Читать «Эпифания викария Тшаски» онлайн - страница 2

Щепан Твардох

Вместе с боем колоколов, распыленный тяжелыми облаками свет извлек из темноты суровую громаду старого костёла, барочного по стилю, но лишенного всяческой фривольности, спокойного и основательного – как характер всех тех людей, которые собирались в нем каждое воскресенье. На коньке кирпично-рыжей крыши присели воробьи, выгнанные из уютных закоулков колокольни гудящей бронзой.

Посреди просыпающейся в магазинах, пекарнях и учреждениях деревни светом электрических люстр загорелись и костёльные окна.

Господь Бог глядел на свои Дробчице.

В освещенном костёле сине-голубое тело лишенного головы Иоанна Крестителя изливало ровную струю крови, а голова в руке палача вздымала глаза к небу. Одетая в платье в стиле рококо Иродиада удовлетворенно улыбалась, убийца все еще держал меч в руке. Потемневший лак придавал барочной картине мрачности, только лишь муслиновые одежды женщин да бледность мертвого тела слегка освещали темноту подземелий.

Старшим братьям с колокольни завторил маленький колокольчик на шнурке, при выходе из ризницы. Потянутый маленькой рукой министранта, он известил о начале мессы немногочисленным прихожанам, которые пришли в понедельник в костёл. Молодой ксёндз опустился на колено перед алтарем, тяжелым взглядом одаряя картину с покровителем храма. Сонный министрант опустился на колени за ним, после чего они оба заняли соответствующие места.

- Милость Бога Отца, любовь Господа нашего Иисуса Христа и дар единства в Духе Святом да будет со всеми вами, - запел священник.

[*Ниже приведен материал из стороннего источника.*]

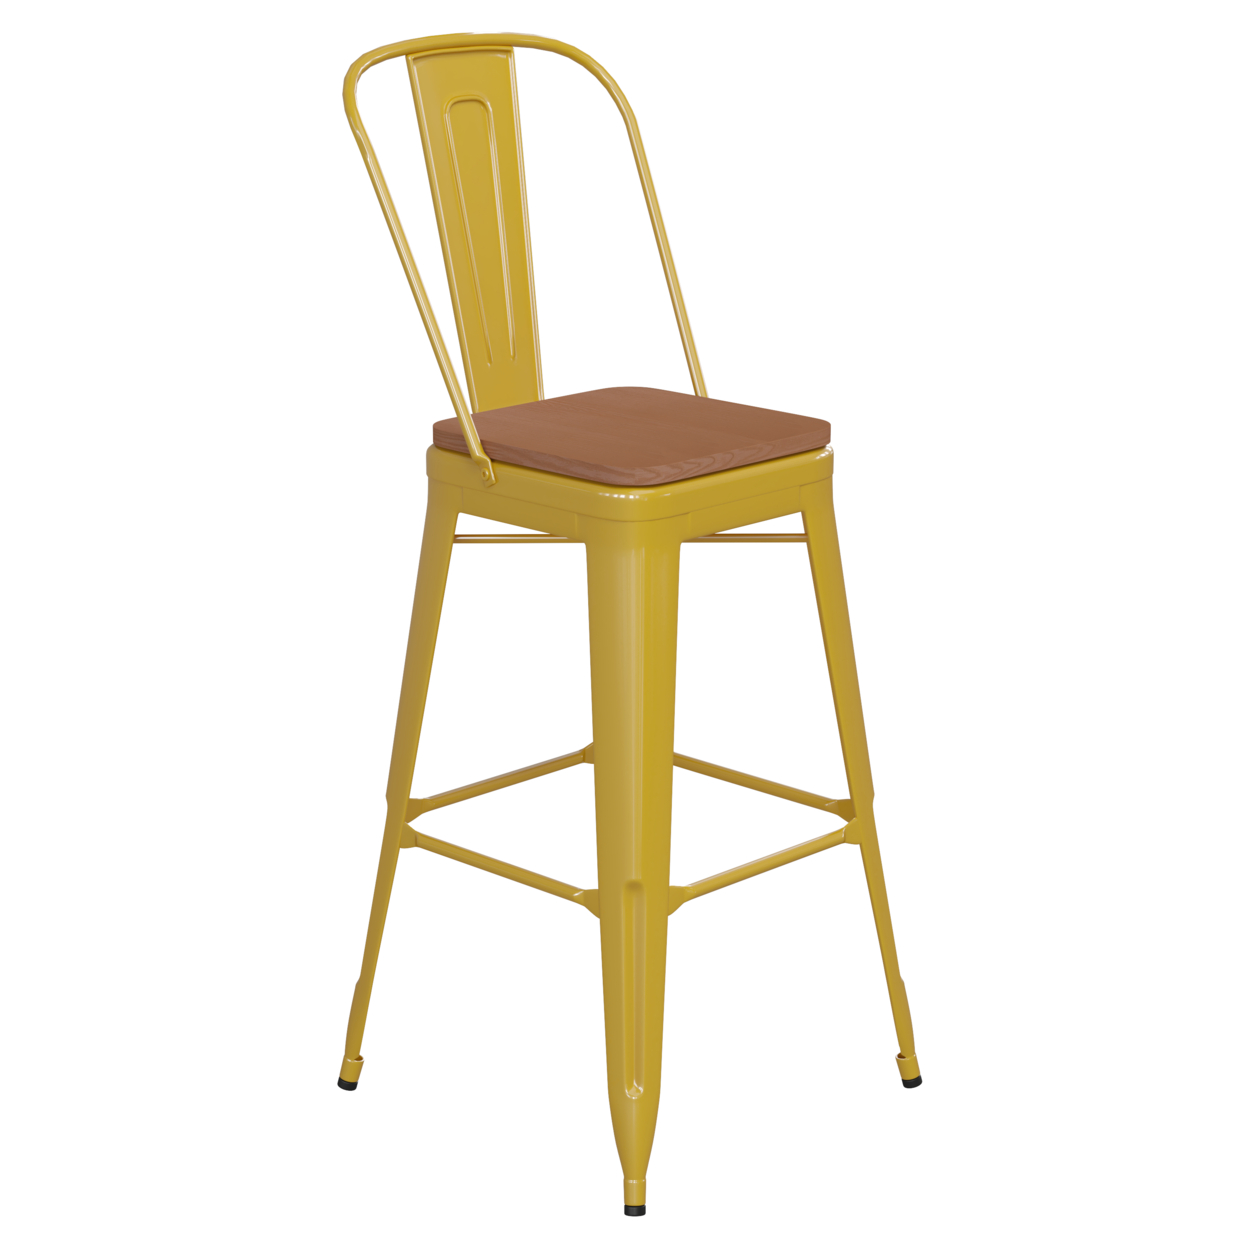 30 Inch Metal Chair, Curved Design Back, Polyresin Sleek Seat, Yellow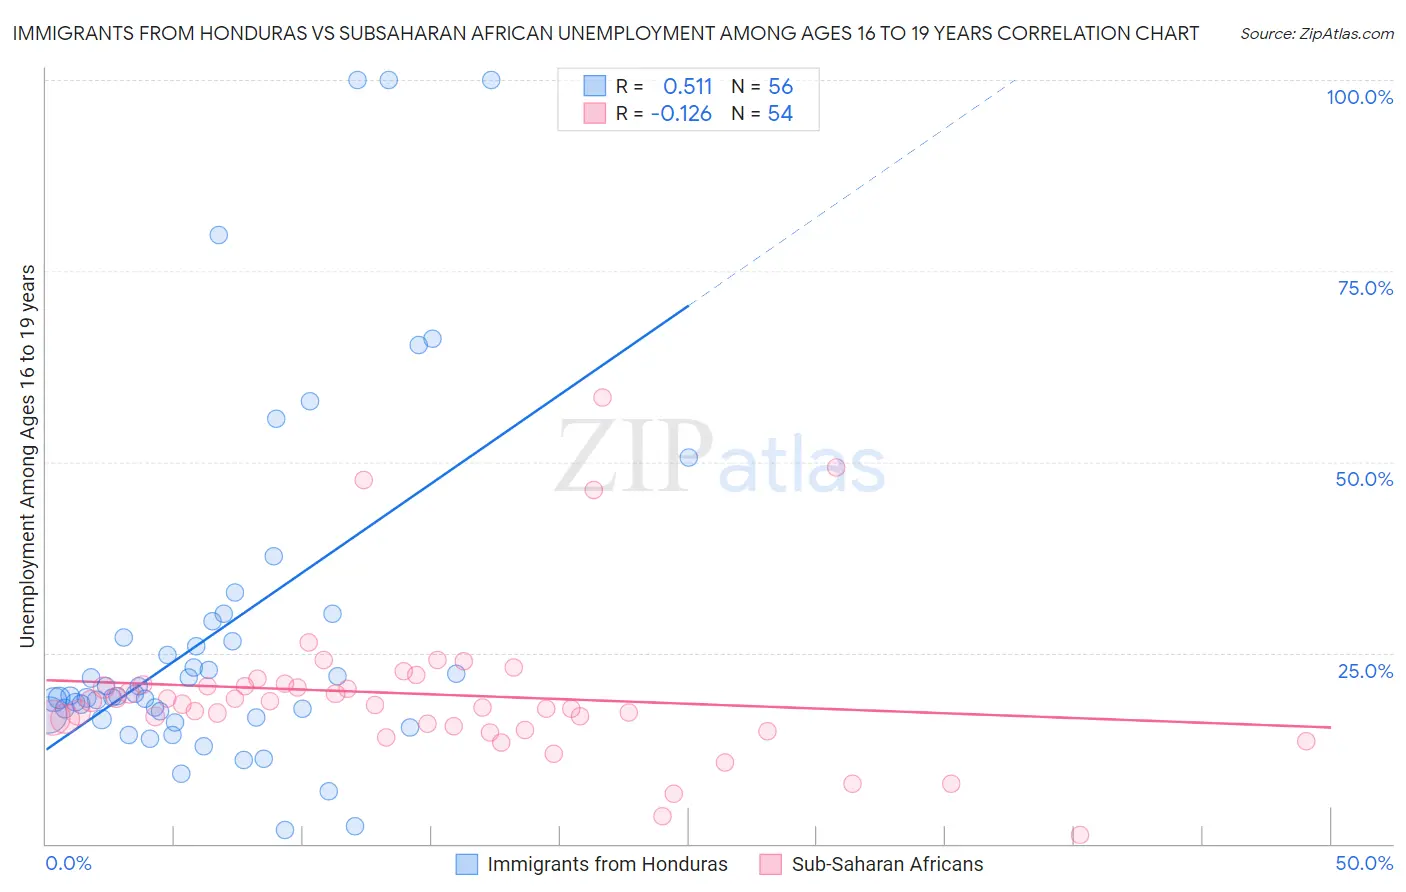 Immigrants from Honduras vs Subsaharan African Unemployment Among Ages 16 to 19 years

- И с духом твоим, - ответили ему бабульки и Кочик. Утренняя святая месса в приходском костёле Усекновения Главы святого Иоанна Крестителя в Дробчицах началась. Верные, то есть народ, как обычно, выступил в количестве десяти человек. Ксёндз викарий Ян Тшаска, которого прихожане называли ксёндзом Янечком, а старшими "новым капелюнкйим" (новым викарием (все переводы с силезского языка в тексте даны Автором за исключением особых случаев)) про себя попросил прощения у Господа бога за свои грехи, прочитал Интенцию, после чего начал Confiteor.

- Признаем перед Господом, что мы грешны, чтобы могли с чистым сердцем принести Самую святую Жертву, - пропел своим чистым голосом, о котором старшие люди говорили: "Kapelůnek to śpjywajům tak pjykne, že aže Matko Bosko na figuře śe śmejům, jak go suyšům" (Викарий так красиво поет, что даже фигура Матери Божьей смеется, когда слышит его – силезск.).

Когда верующие вялыми голосами начали свое "Исповедуюсь Господу Богу Всемогущему и вам, братья и сестры…", викарий, возбудив в себе искреннюю печаль за грехи, позволил мыслям на секунд двенадцать-пятнадцать улететь, в то время как губы безотчетно проговаривали, как и каждый день, одни и те же слова. Ксёндз Янечек раздумывал о завтраке, которого не успел заглотать, потому что проснулся на четверть часа позже, чем следовало, и едва-едва успел на мессу. Он надеялся на то, что приходский настоятель не слопает его пару колбасок по-силезски, которые с мыслью о завтраке он сам спрятал на самой нижней полке в холодильнике. Настоятель, возможно, и не слопает, но если их обнаружит панна Альдона, то обязательно покрошит их настоятелю в яичницу, бурча себе под нос: "Přeca farařowi śe bardźyj naležy wušt do smažůnki anželi kapelůnkowi" (Ведь настоятелю колбаса в яичницу больше пристоит, чем викарию – силезск.).